Носильщики, видя мое состояние и зная, что я не могу им помешать, все до одного разбежались, но прежде разграбили лагерь и унесли все ценное, включая ящик с медикаментами. Со мной осталась только женщина. Сначала я сердился, когда она прибилась к экспедиции, но теперь вижу в этом промысел Божий, ибо она, хоть и язычница, своей верностью и преданностью превосходит всех, не считая покойного Джозефа.
Что может человек в этой жестокой стране без ружья и хинина? Не урок ли это для меня и моих потомков, урок, преподанный самим Господом? Способен ли белый человек выжить здесь? Не останется ли он навсегда чужим, станет ли Африка терпеть его, когда он потеряет оружие и лекарства?»
Запись завершалась горестным воплем:
«О Боже, неужели все было напрасно? Я пришел, чтобы нести слово твое, но никто меня не слушал. Я пришел, чтобы обратить грешников, но не изменил ничего. Я пришел проложить дорогу христианству, но ни один христианин не последовал за мной. Молю тебя, Господи, яви мне знак, скажи, что путь мой был верен, а цель — истинна!»
Зуга откинулся назад, закрыв лицо руками. Глаза жгло не только от усталости — он был глубоко тронут. Фуллер Баллантайн легко вызывал ненависть к себе, но презрения не заслуживал.
Робин тщательно выбрала место — на берегу отдаленного бочажка в сухом русле, скрытого от посторонних глаз, — и время, знойный полдень, когда солдаты и носильщики мирно храпели в тени. Фуллеру доктор дала пять капель драгоценной опийной настойки, чтобы утихомирить, и оставила на попечении женщины каранга и Джубы, а сама спустилась с холма к брату.

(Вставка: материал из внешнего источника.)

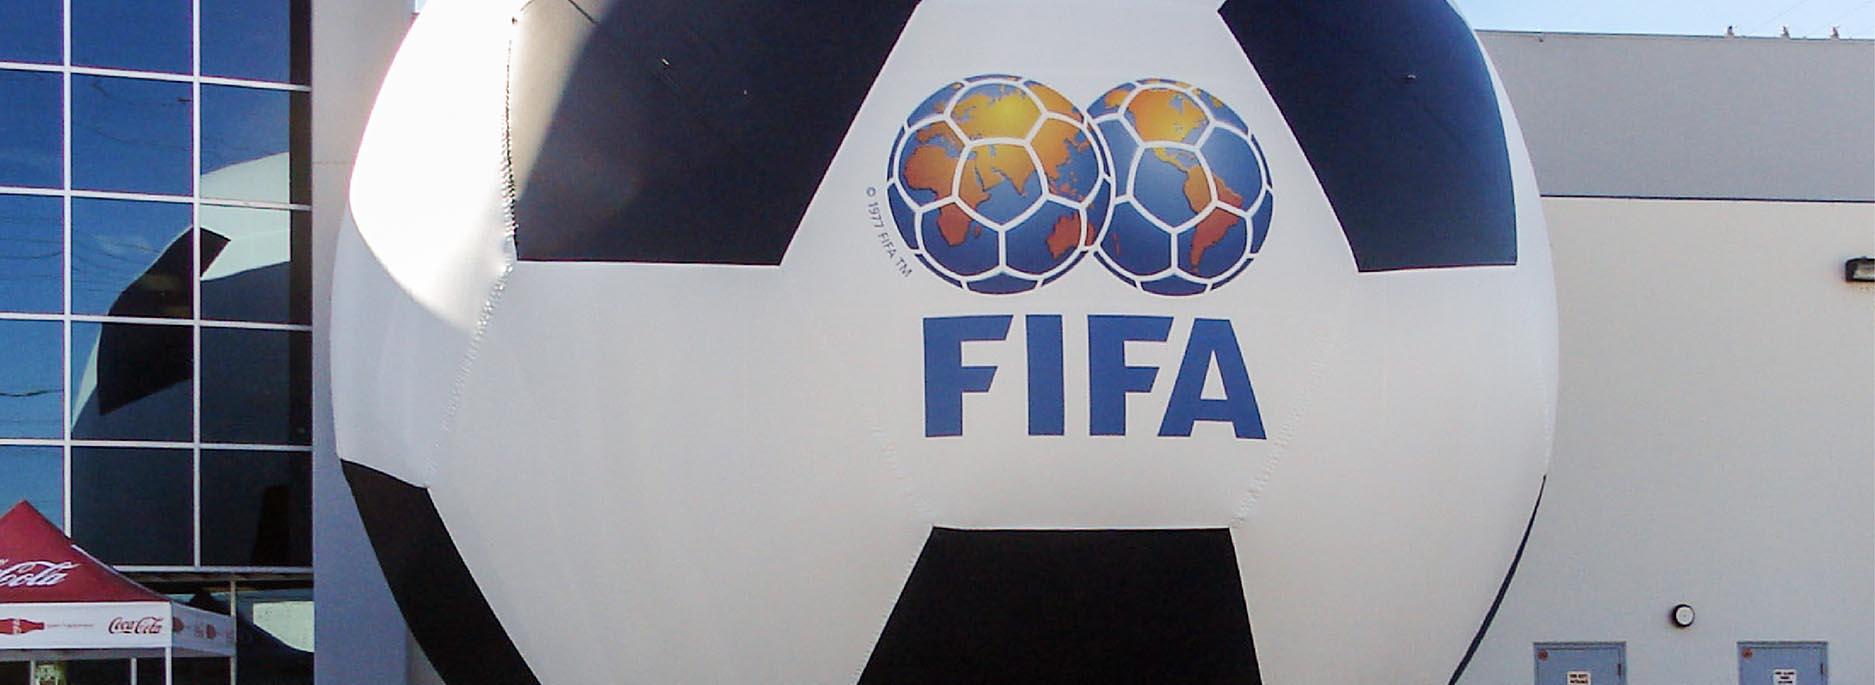 Inflatable FIFA soccer ball replica

За десять дней, прошедших с появления Зуги, они едва перемолвились парой слов. Майор ни разу не наведывался в пещеру, и Робин видела его лишь раз, когда спускалась в лагерь за продуктами. Получив через Джубу записку с требованием вернуть бумаги отца, Зуга тут же прислал носильщика с жестяной коробкой. Такая поспешность вызывала подозрение. Взаимное недоверие росло, отношения брата с сестрой ухудшались, и поговорить нужно было немедленно, пока они не рассорились окончательно.
Зуга ждал, как она и просила, у болотца с зеленой водой, в редкой тени дикой смоковницы, и курил самодельную сигару из местного табака. Увидев сестру, он вежливо приподнялся, но взгляд остался настороженным.

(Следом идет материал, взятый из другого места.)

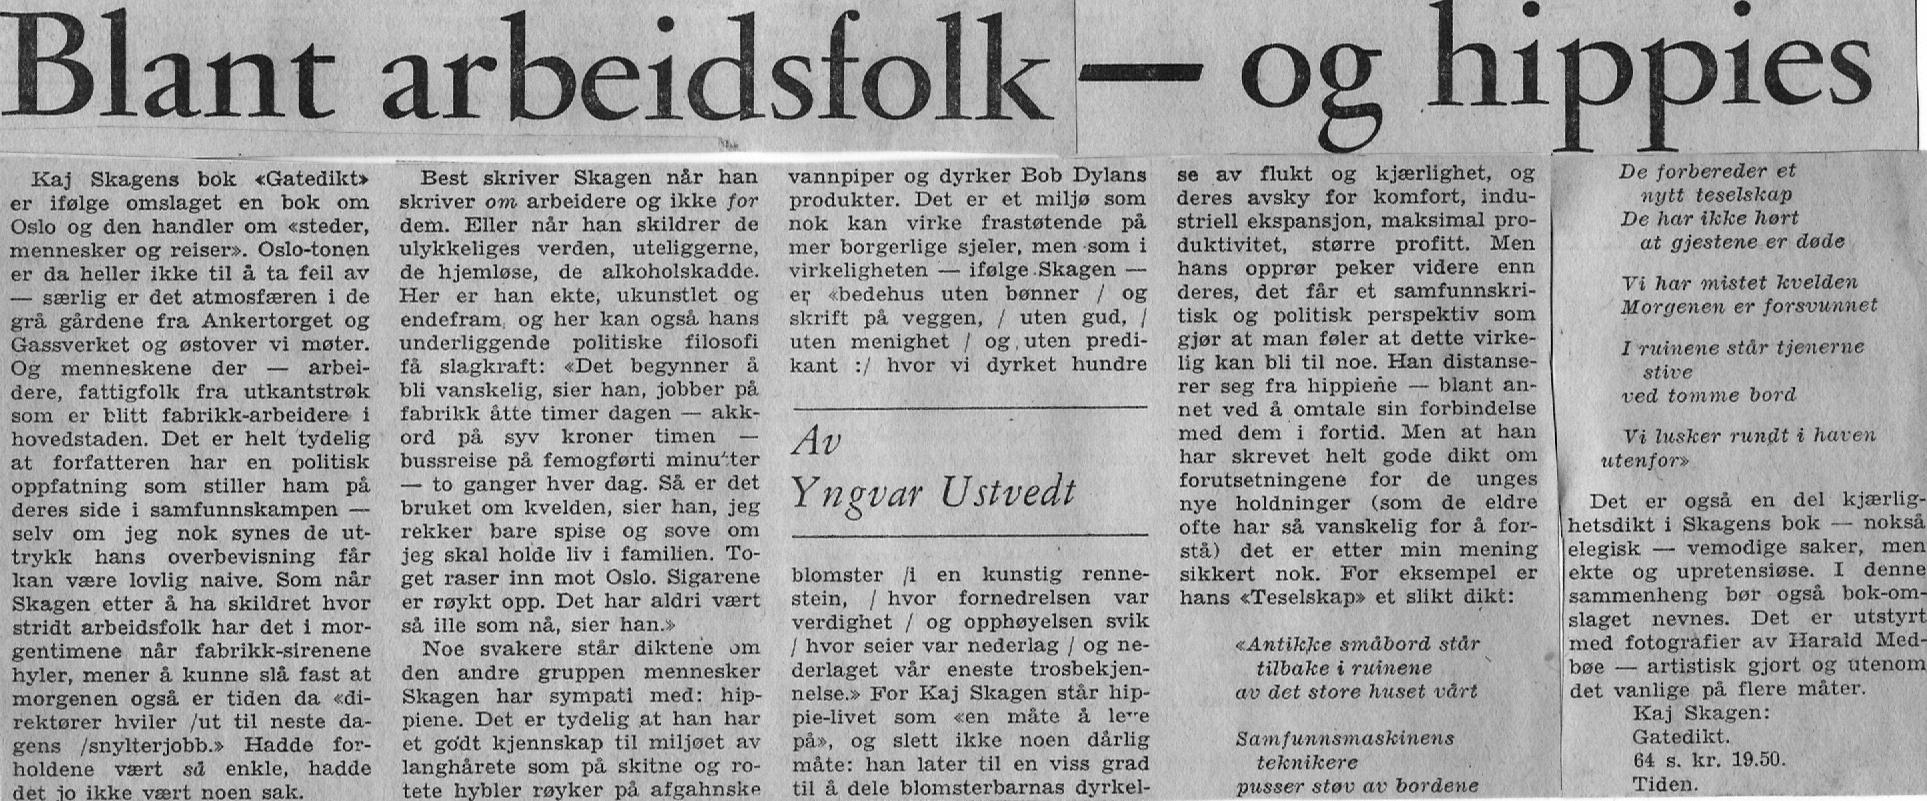 Utklipp fra Dagbladet 1971

— У меня мало времени, милый братец, — ласково начала Робин. Зуга мрачно кивнул. — Отца нельзя оставлять надолго. — Она замялась. — Не хотелось просить тебя подниматься на холм, раз тебе так неприятно. — В глазах брата сверкнули зеленые искры, и она поспешно продолжила: — Нужно решить, что делать дальше, не сидеть же здесь до бесконечности!
— Что ты предлагаешь?
— Отец чувствует себя намного лучше. Я подавила малярию хинином, а другая болезнь… — запнулась Робин, — поддается лечению ртутью. Меня всерьез беспокоит только его нога.
— Ты говорила, что он умирает, — спокойно напомнил Зуга.
Робин, не выдержав, фыркнула:
— Что ж, сожалею, что приходится тебя разочаровывать.
Лицо Зуги превратилось в бронзовую маску. С трудом сдерживая ярость, он хрипло процедил:
— Это недостойно тебя.
— Прости, — виновато потупилась она, потом глубоко вздохнула. — У отца сильный организм, он борется, а еда, лекарства и хороший уход сотворили чудеса. Думаю, если вернуть его в цивилизованный мир и доверить опытному хирургу, можно было бы вылечить язвы на ноге и даже срастить кость.